Objective To assess changes in aspirin use, bleeding, and thrombosis event rates among patients treated with warfarin.
Design, Setting, and Participants This pre-post observational quality improvement study was conducted from January 1, 2010, to December 31, 2019, at a 6-center quality improvement collaborative in Michigan among 6738 adults taking warfarin for atrial fibrillation and/or venous thromboembolism without an apparent indication for concomitant aspirin. Statistical analysis was conducted from November 26, 2020, to June 14, 2021.

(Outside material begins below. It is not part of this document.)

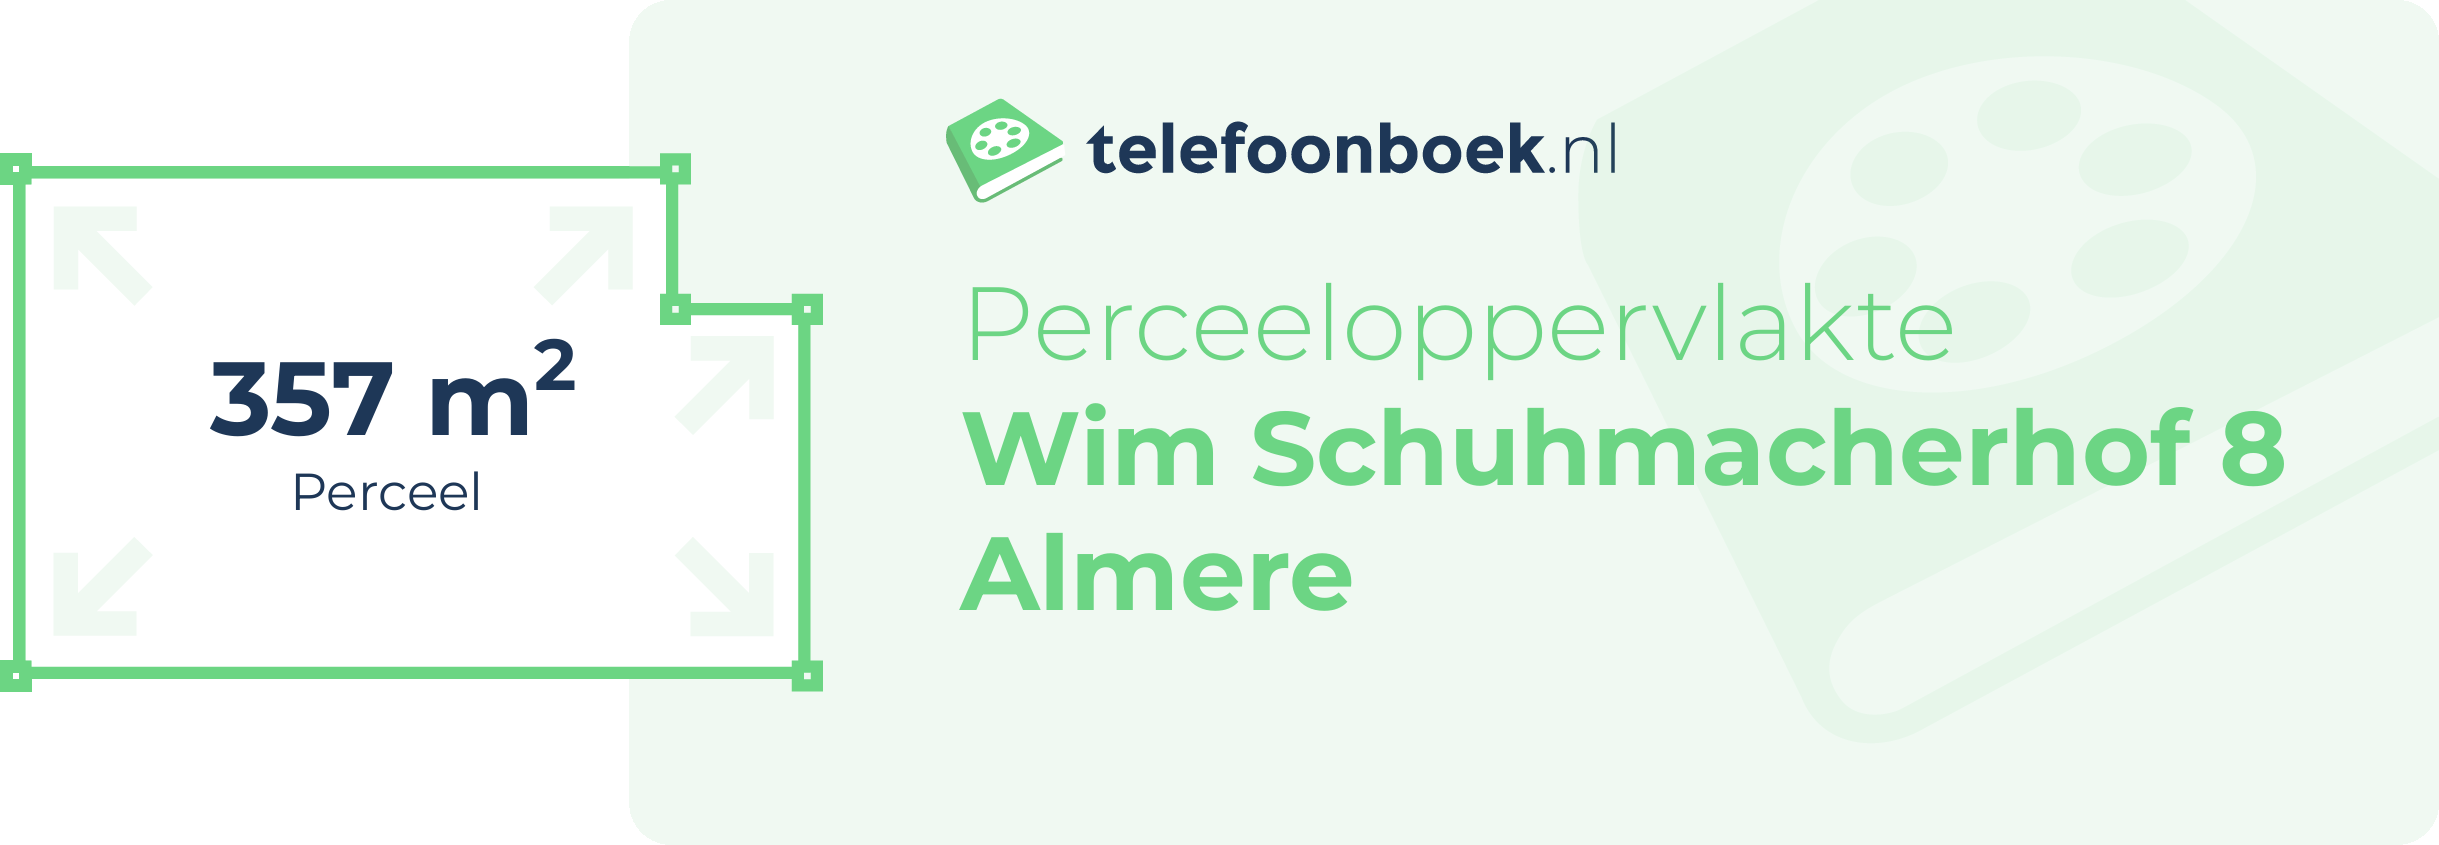 Perceeloppervlakte Wim Schuhmacherhof 8 Almere

Intervention Primary care professionals for patients taking aspirin were asked whether an ongoing combination aspirin and warfarin treatment was indicated. If not, then aspirin was discontinued with the approval of the managing clinician.
Main Outcomes and Measures Outcomes were assessed before and after intervention for the primary analysis and before and after 24 months before the intervention (when rates of aspirin use first began to decrease) for the secondary analysis. Outcomes included the rate of aspirin use, bleeding, and thrombotic outcomes. An interrupted time series analysis assessed cumulative monthly event rates over time.

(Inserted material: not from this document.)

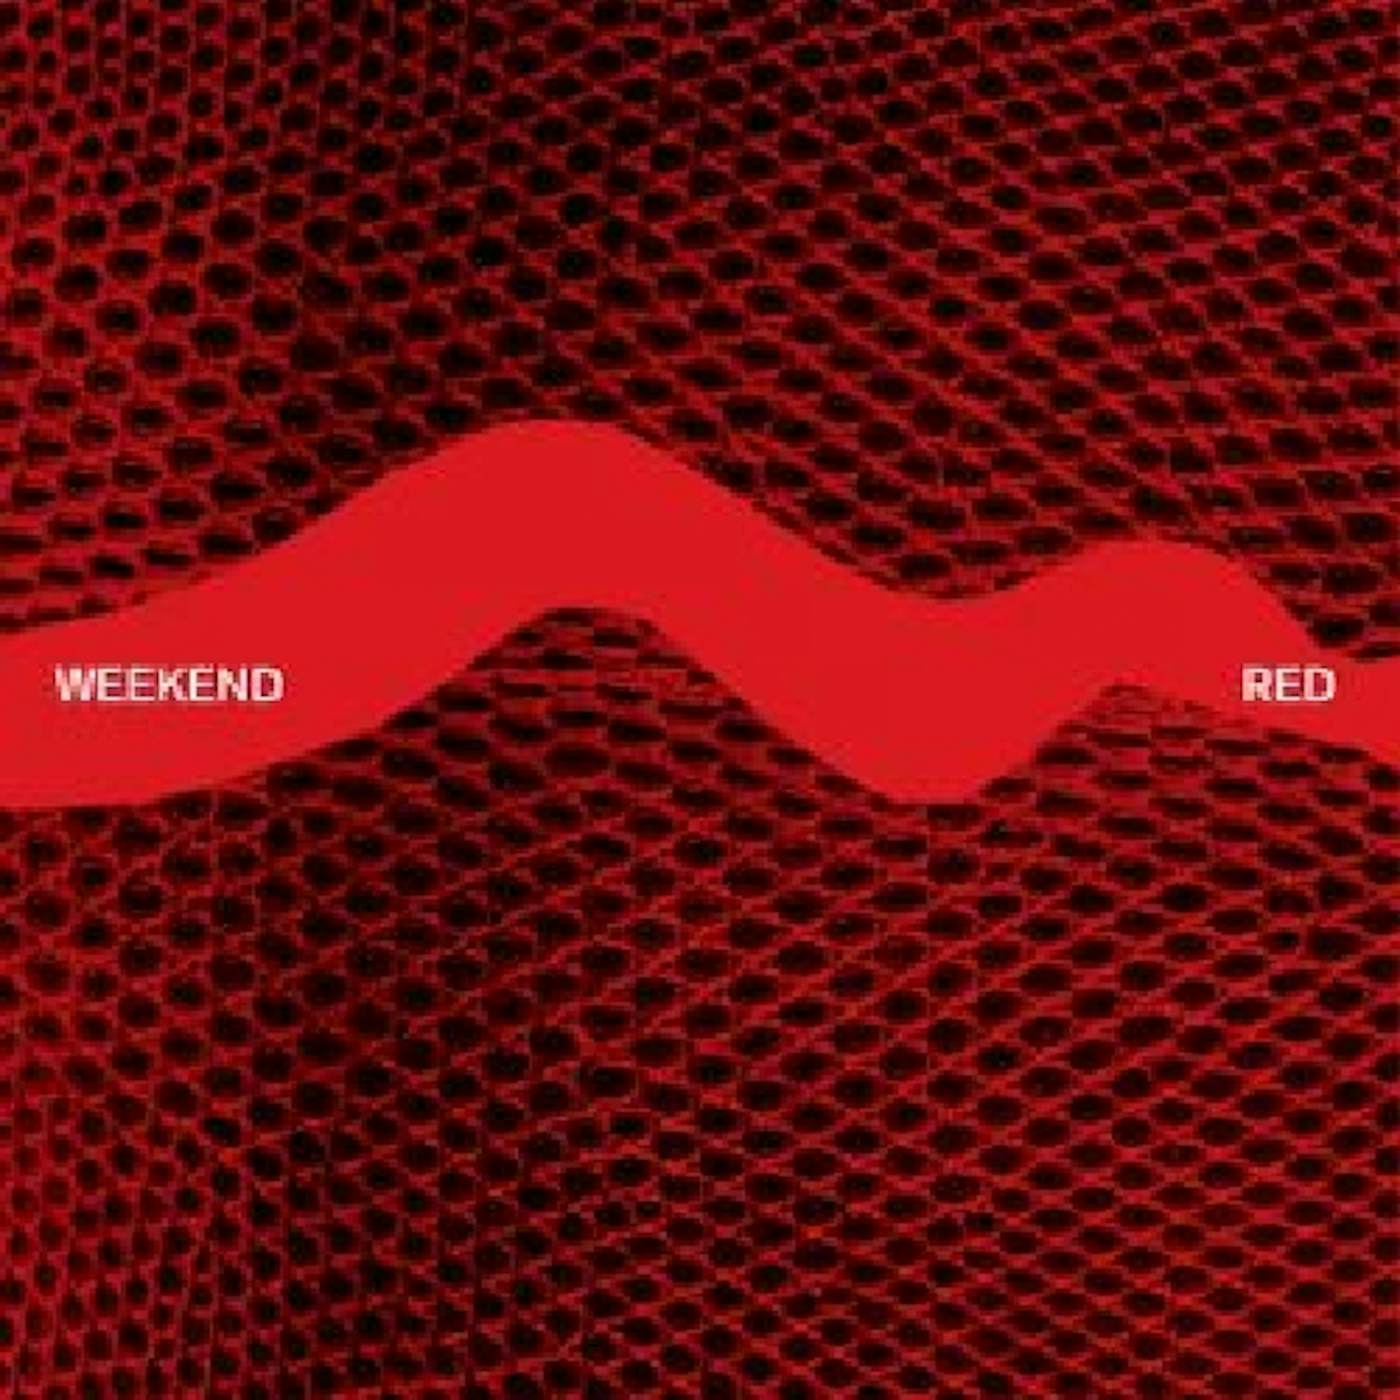 Weekend Red Vinyl Record

Results A total of 6738 patients treated with warfarin (3160 men [46.9%]; mean [SD] age, 62.8 [16.2] years) were followed up for a median of 6.7 months (IQR, 3.2-19.3 months). Aspirin use decreased slightly from a baseline mean use of 29.4% (95% CI, 28.9%-29.9%) to 27.1% (95% CI, 26.1%-28.0%) during the 24 months before the intervention (P < .001 for slope before and after 24 months before the intervention) with an accelerated decrease after the intervention (mean aspirin use, 15.7%; 95% CI, 14.8%-16.8%; P = .001 for slope before and after intervention). In the primary analysis, the intervention was associated with a significant decrease in major bleeding events per month (preintervention, 0.31%; 95% CI, 0.27%-0.34%; postintervention, 0.21%; 95% CI, 0.14%-0.28%; P = .03 for difference in slope before and after intervention). No change was observed in mean percentage of patients having a thrombotic event from before to after the intervention (0.21% vs 0.24%; P = .34 for difference in slope). In the secondary analysis, reducing aspirin use (starting 24 months before the intervention) was associated with decreases in mean percentage of patients having any bleeding event (2.3% vs 1.5%; P = .02 for change in slope before and after 24 months before the intervention), mean percentage of patients having a major bleeding event (0.31% vs 0.25%; P = .001 for change in slope before and after 24 months before the intervention), and mean percentage of patients with an emergency department visit for bleeding (0.99% vs 0.67%; P = .04 for change in slope before and after 24 months before the intervention), with no change in mean percentage of patients with a thrombotic event (0.20% vs 0.23%; P = .36 for change in slope before and after 24 months before the intervention).
Conclusions and Relevance This quality improvement intervention was associated with an acceleration of a preexisting decrease in aspirin use among patients taking warfarin for atrial fibrillation and/or venous thromboembolism without a clear indication for aspirin therapy. Reductions in aspirin use were associated with reduced bleeding. This study suggests that an anticoagulation clinic–based aspirin deimplementation intervention can improve guideline-concordant aspirin use.